作者
Si-Tian Zang,Jie Luan,Ling Li,Qi‐Jun Wu,Qing Chang,Huixu Dai,Yuhong Zhao
摘要
Globally, the number of metabolic syndrome (MetS) cases has increased substantially over time. However, the association between air pollution (AP) and MetS risk has been contradictory in observational studies. This is the first reported meta-analysis quantitatively exploring the aforementioned association. We searched PubMed, Embase, and Web of Science database entries up to September 14, 2020, and searches were updated up to December 6, 2020 to identify eligible articles on the AP-MetS risk association. No language restriction was imposed. Random-effects models were applied to estimate summary and subgroup effect sizes with 95% confidence intervals (CIs). PROSPERO registration number: CRD42020210431. Eight articles (nine studies) were eligible for the meta-analysis.
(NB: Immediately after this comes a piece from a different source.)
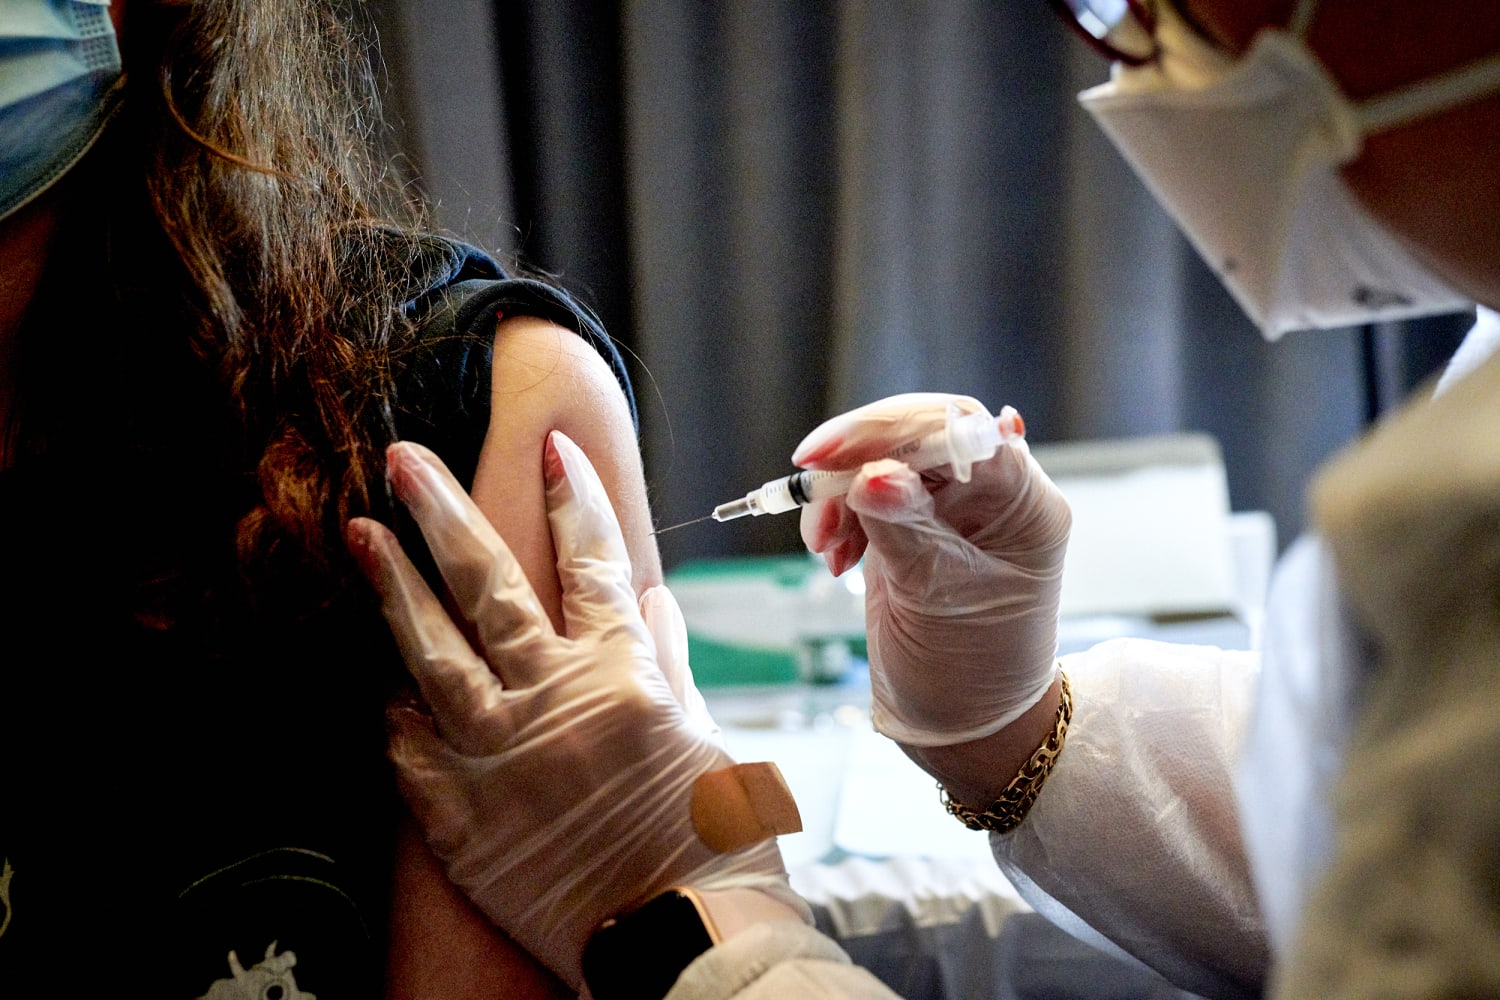 NYC is ending its vaccine mandate for private-sector employers on Nov. 1

Increased MetS prevalence was not found to be associated with particulate matter less than 1 μm (PM1), 2.5 μm (PM2.5), and 10 μm (PM10) in diameter or nitrogen dioxide (NO2), and the summary effect sizes were 1.33 (95% CI: 0.95–1.85), 1.34 (95% CI: 0.96–1.89), 1.18 (95% CI: 0.98–1.19), and 1.28 (95% CI: 0.89–1.82), respectively, based on cross-sectional studies. The summary results indicated no association between each 10 μg/m3 increase in PM2.5 and MetS incidence (effect size 2.78 [95% CI: 0.70–11.02]), based on cohort studies. Subgroup analysis demonstrated that MetS incidence in older men increased dramatically by 992% with each 10 μg/m3 increase in PM2.5. The evidence presented here suggests that although exposure to PM1, PM2.5, PM10, or NO2 was not found to have a significant association with the occurrence of MetS, the statistical significance of the relationship between exposure to PM1, PM2.5, or PM10 and MetS prevalence was approximately borderline. More studies on AP-MetS risk association in low-/middle-income countries, as well as on the association between other air pollutants and MetS risk, are warranted. A sufficient number of high-quality studies is required to perform a meaningful meta-analysis of the relationship between air pollutants and MetS.